My quest to double impact with AI
Going deep, scaling everything else, and learning where to draw the line
Here’s the challenge with senior IC roles: you’re expected to deliver outsized impact, but you don’t have a team. You scale through yourself.
Last year, I stepped into an L67 IC role on the Microsoft SharePoint AI platform.
I set out converging goals: become a sharper AI PM, deliver impact worthy of my role, learn a ton, and honestly, make it fun.
The catch? To truly learn AI, I had to go deep. Build things. Experiment. That eats time.
So I made a bet: use AI to scale everything else, and use the time I saved to go deeper on what mattered.
This post is about that bet. What worked. What didn’t. And what I learned.
The mindset shift that’s essential
Before I get into the specifics, there’s a mindset shift worth naming.
If you approach AI tools expecting them to save time immediately, you’ll give up quickly. The first time you try a new tool or solve a new problem with AI, it often takes longer. You’re learning the tool. You’re figuring out how to prompt it. You’re discovering what it’s good at and where it falls short.
I adopted an AI-first approach, even when it felt slower.
The payoff came later. Once I’d learned a workflow, the second and third time were dramatically faster. The investment compounded. But it required patience upfront and a willingness to experiment without expecting instant returns.
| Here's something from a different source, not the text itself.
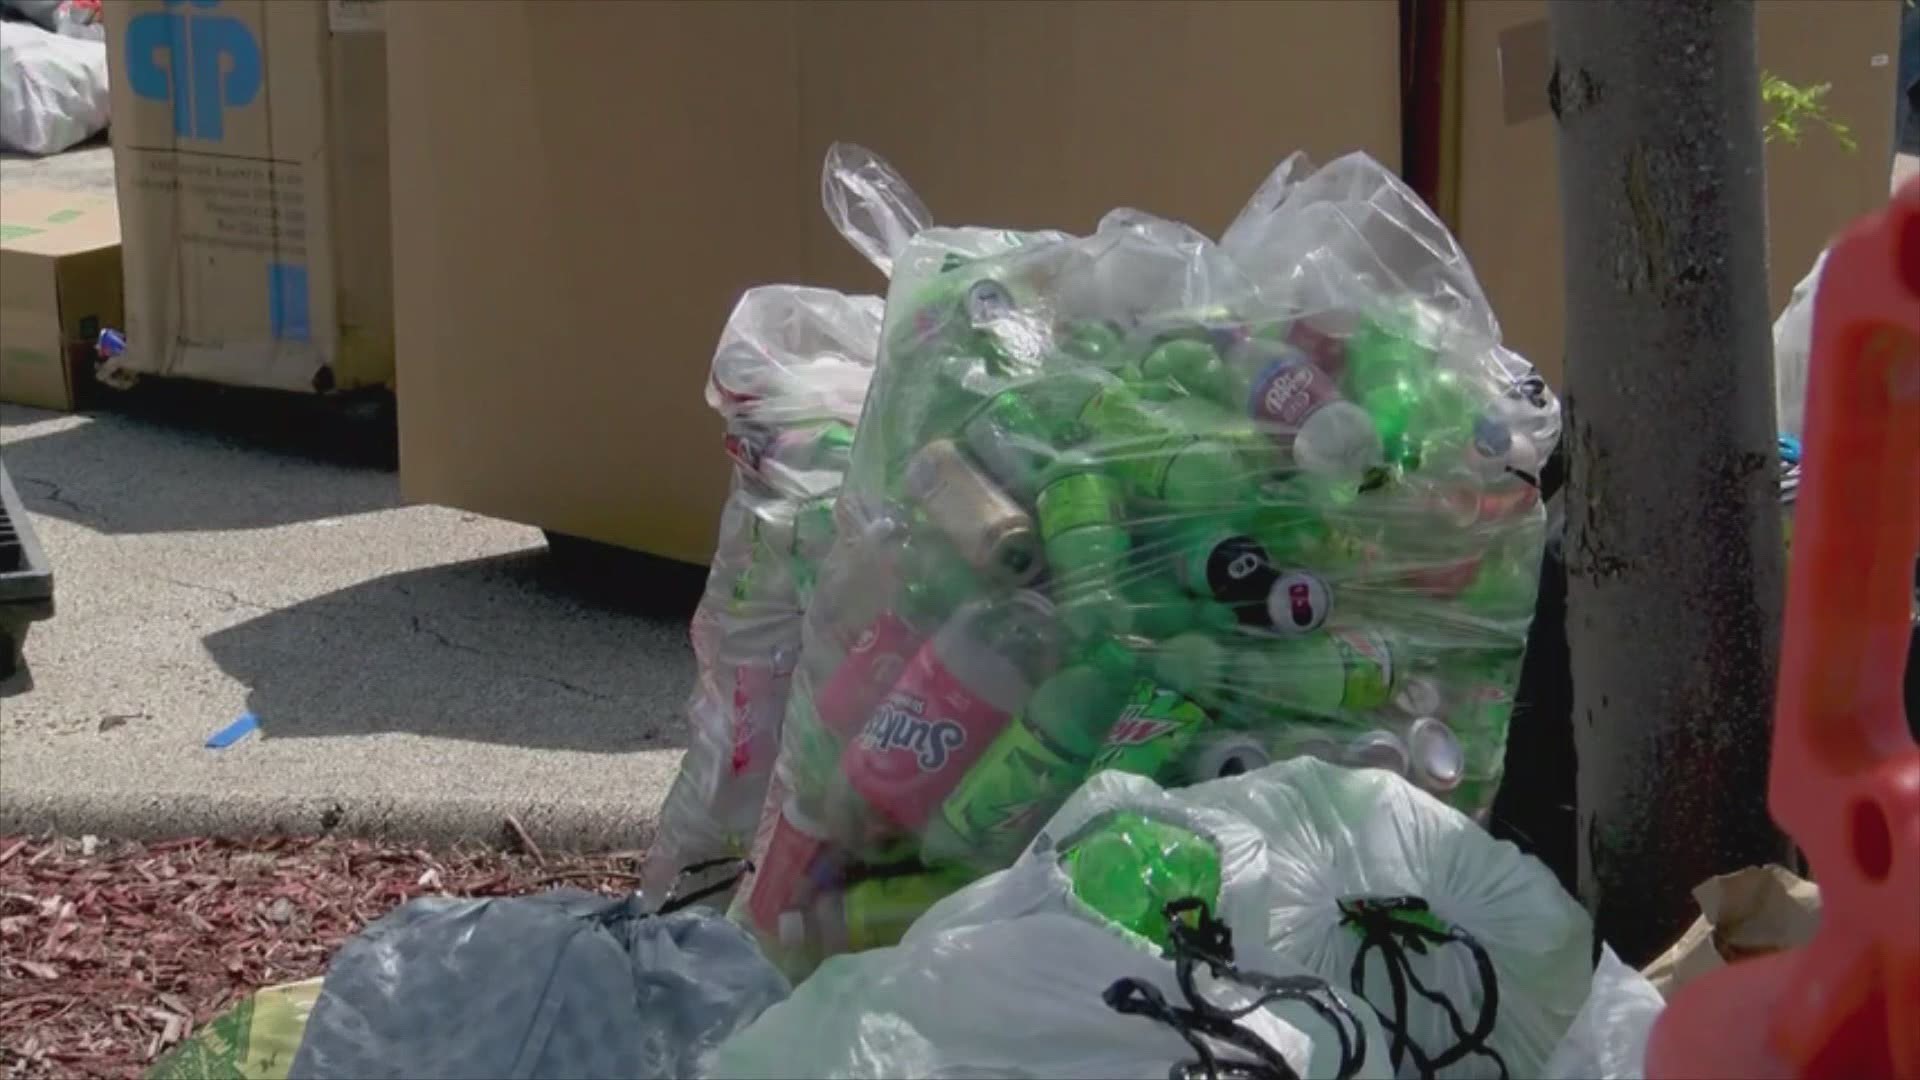 Have a bunch of cans and bottles piling up? Central Iowa Shelter and Services will take and redeem them, with all proceeds going straight to the shelter.

That mindset made everything else in this post possible.
The investment: going deeper
As product managers, we’re trained to focus on the why and the what. We leave the how to engineering.
With AI, I made a different choice. I decided to go deep on the how as well.
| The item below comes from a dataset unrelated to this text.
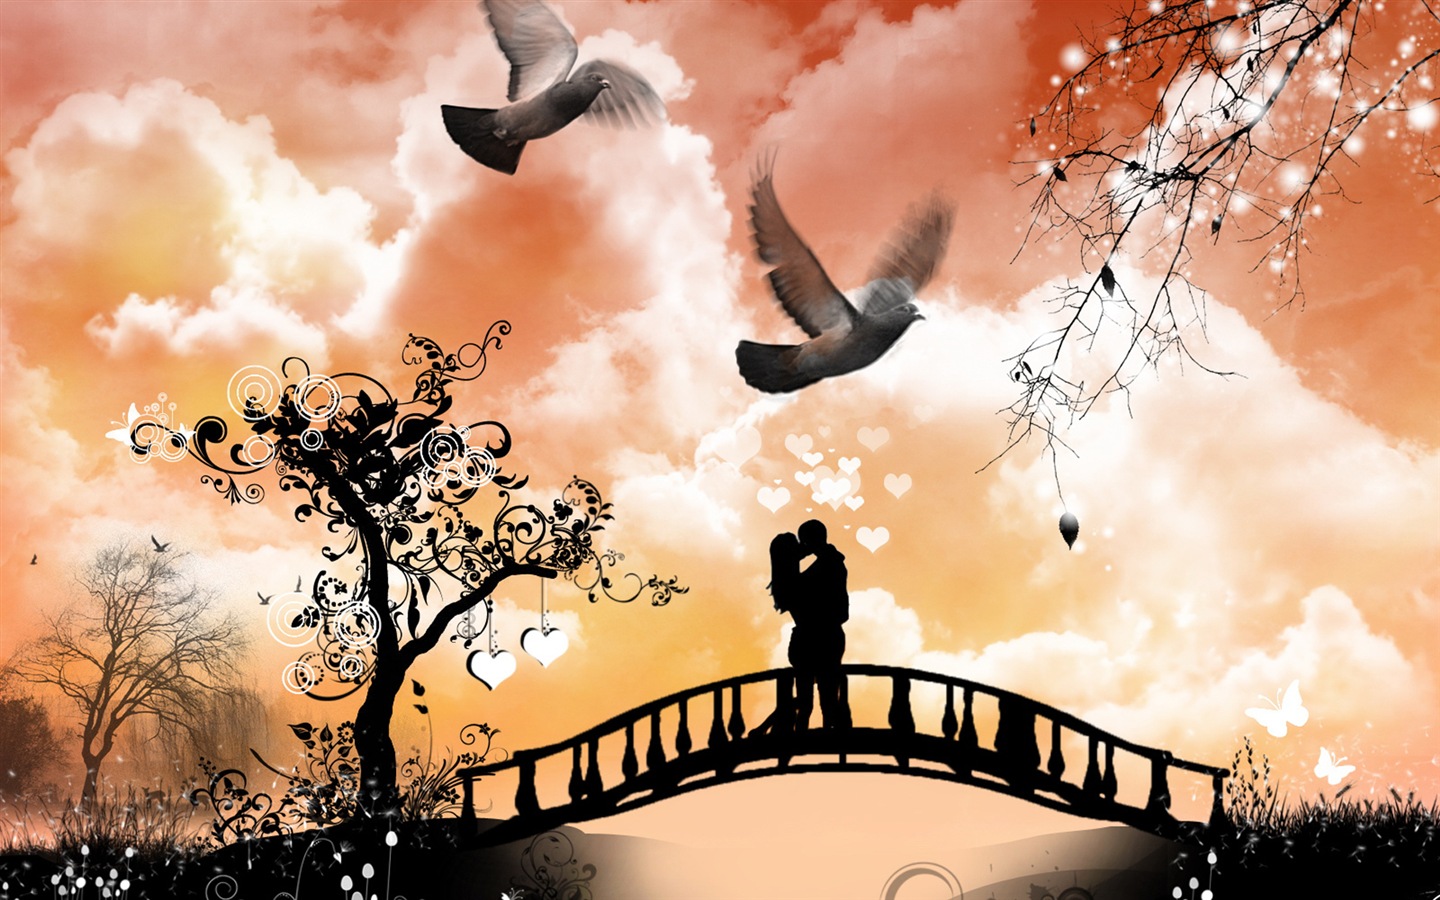 Warm and romantic Valentine's Day HD wallpapers #20 - 1440x900

That meant learning the Copilot stack hands-on. Not at a conceptual level. Not enough to have conversations. Enough to build.
Building sample apps
My customers are developers. The fastest way to enable adoption and create value was to give them high-quality sample code.
So I built an AI agent myself.
The agent retrieves knowledge from SharePoint repositories, reasons over it using the Microsoft Foundry agent service, and produces a finished professional report for scenarios like audits or compliance reviews.
This solved a real problem customers have. Many were extracting documents, vectorizing them externally, and re-implementing security from scratch. I wanted to offer a better way: reason in place using native Copilot APIs.
I used GitHub Copilot extensively here. It helped me understand new SDKs and sample codebases at scale (think about the wave of announcements that hits right after a big conference like Microsoft Build!), and write my own agent code faster than I could have alone.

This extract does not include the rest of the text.